Derivatives are a fundamental concept in calculus. They represent the rate at which a function is changing at any given point. For a function like \[ f(x) = \frac{\tan^{-1}(x^2-x)}{x^2+4} \], finding the first and second derivatives involves applying the chain rule and quotient rule simultaneously.

• The chain rule is used when you have a composition of functions, like \( \tan^{-1}(x^2-x) \).
• The quotient rule is helpful when dividing two functions, as seen in the form \( \frac{u(v)}{w(v)} \), where \( u(v) \) and \( w(v) \) are differentiable functions.

These rules combine to provide \( f'(x) \) and \( f''(x) \). Calculations can become intricate, which is why using technology like CAS can be beneficial for ensuring precision and simplifying complex expressions.
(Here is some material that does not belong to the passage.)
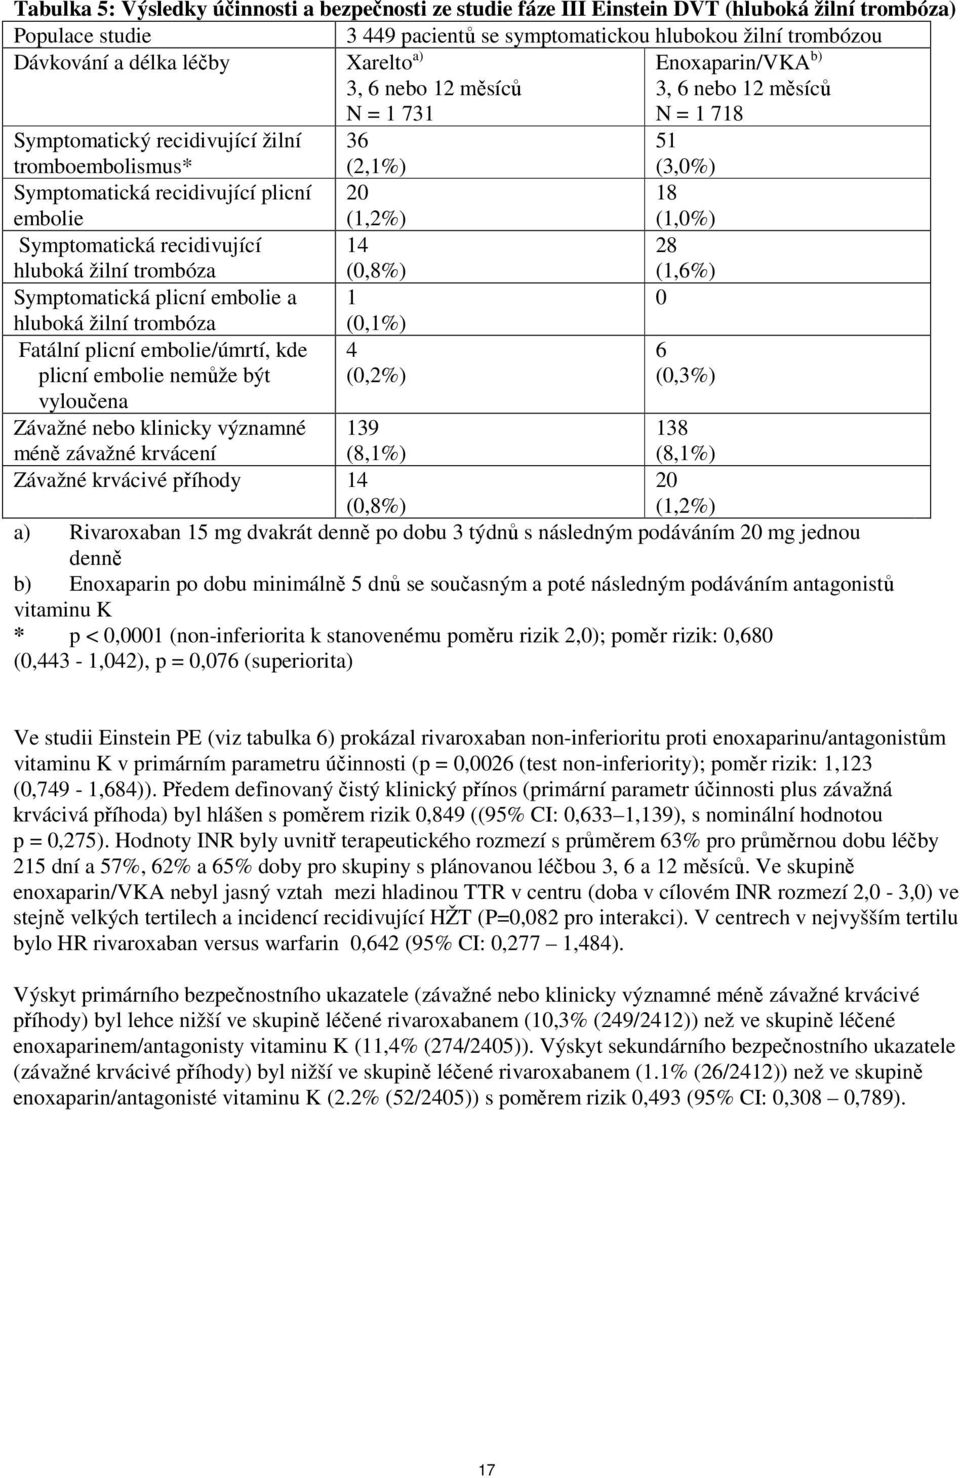 embolie 20 (1,2%) 18 (1,0%) Symptomatická recidivující hluboká žilní trombóza 14 (0,8%) 28 (1,6%) Symptomatická plicní embolie a 1 0 hluboká žilní trombóza (0,1%) Fatální plicní embolie/úmrtí, kde

Graphing is an essential technique in calculus for visualizing the behavior of functions and their derivatives. By plotting \( f'(x) \) and \( f''(x) \), we can gain insights into where the function is increasing or decreasing as well as the curvature of the graph.
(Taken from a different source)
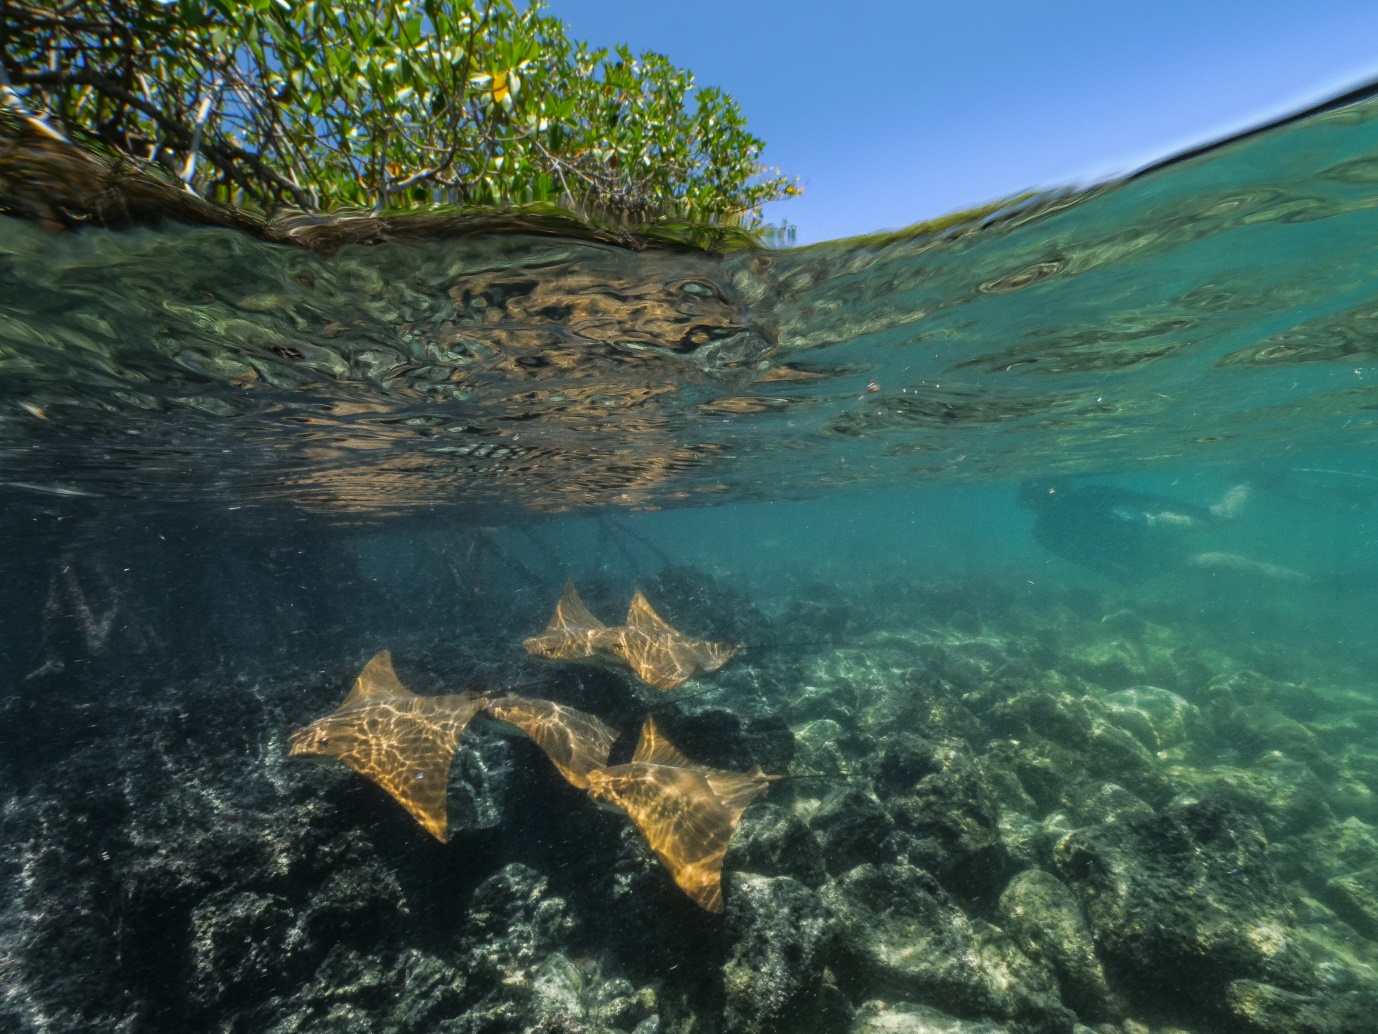 Figura 5. Snorkeling con rayas doradas en las bahías con manglar. Foto: Pelayo Salinas de León / Fundación Charles Darwin

• A graph of the first derivative, \( f'(x) \), will show where the function has relative maxima and minima, as these occur when \( f'(x) = 0 \) or changes sign.
• The second derivative, \( f''(x) \), reveals points of inflection, where the concavity of \( f(x) \) changes.

By leveraging graphs, we can achieve a deeper understanding of how a function behaves over intervals and become more adept at predicting its behavior.
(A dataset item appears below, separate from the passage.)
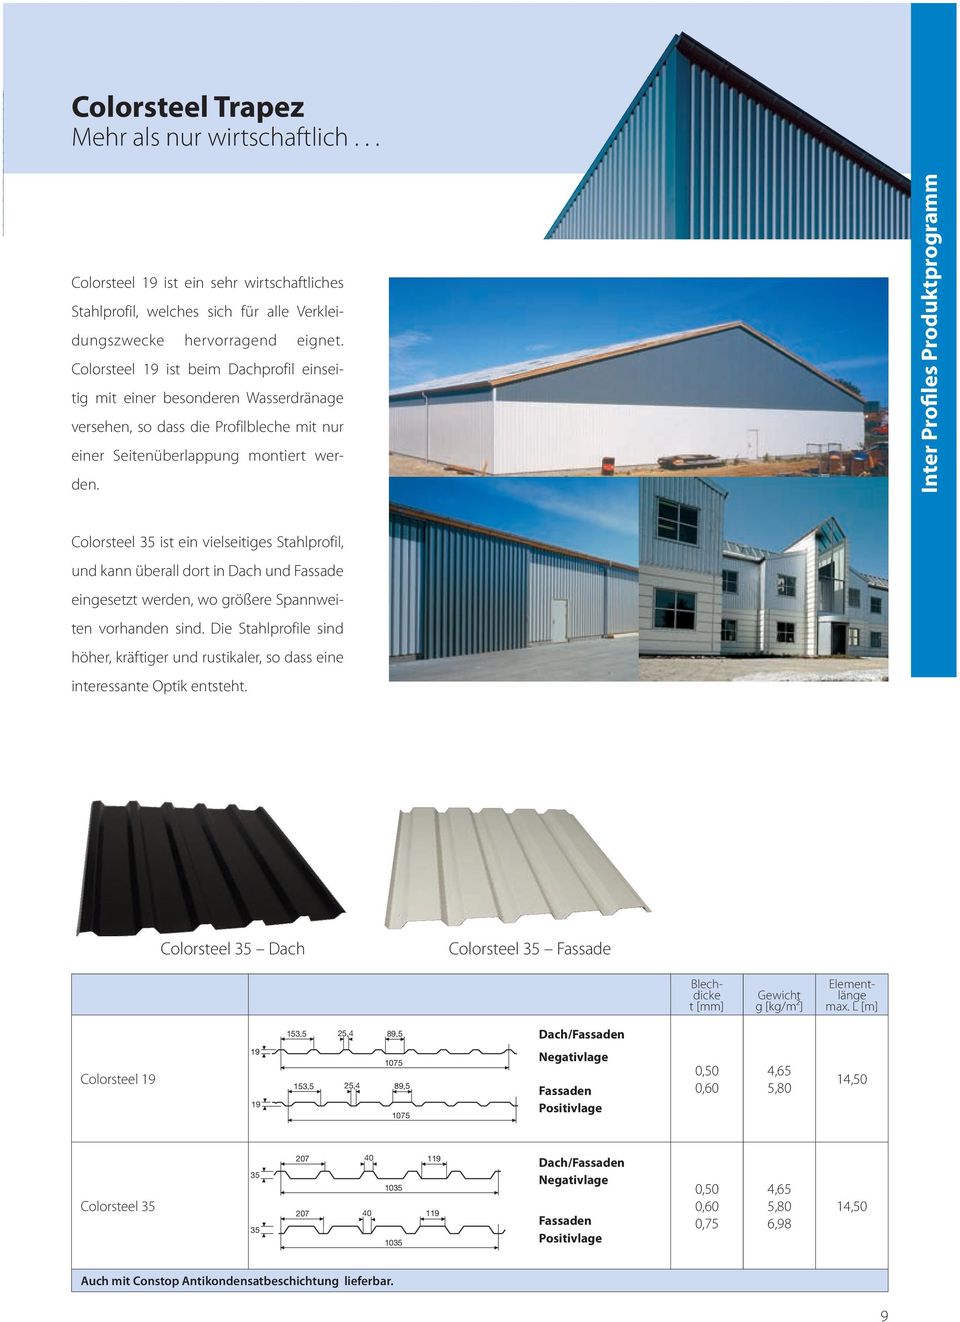 Inter Profiles Produktprogramm Colorsteel 35 ist ein vielseitiges Stahlprofil, und kann überall dort in Dach und Fassade eingesetzt werden, wo größere Spannweiten vorhanden sind.

Relative extrema refer to the points on a graph where the function reaches a local maximum or minimum. These points can be found by analyzing the first derivative of the function, \( f'(x) \).

• At points where \( f'(x) = 0 \), the function may have a local max or min, known as critical points.
• If \( f'(x) \) changes from positive to negative, a local maximum is indicated.
• Conversely, if \( f'(x) \) changes from negative to positive, a local minimum is present.

It's crucial to evaluate these changes carefully, as relative extrema provide critical insights into the function's overall behavior and characteristics.

Computer Algebra Systems (CAS) are invaluable tools for solving and analyzing complex mathematical problems. They perform symbolic and numeric computations, which are especially useful for calculus tasks.

• CAS can find derivatives and integrals quickly and accurately, minimizing human errors.
• They offer graphical representations of functions and their derivatives, aiding in the comprehension of relationships and changes.
• CAS provides capabilities for algebraic manipulation, helping to simplify expressions that would be laborious to solve by hand.

Using CAS for visualizing graphs of \( f'(x) \) and \( f''(x) \) helps students estimate relative extrema and verify results efficiently. They bridge the gap between theoretical understanding and practical application, enhancing the learning experience.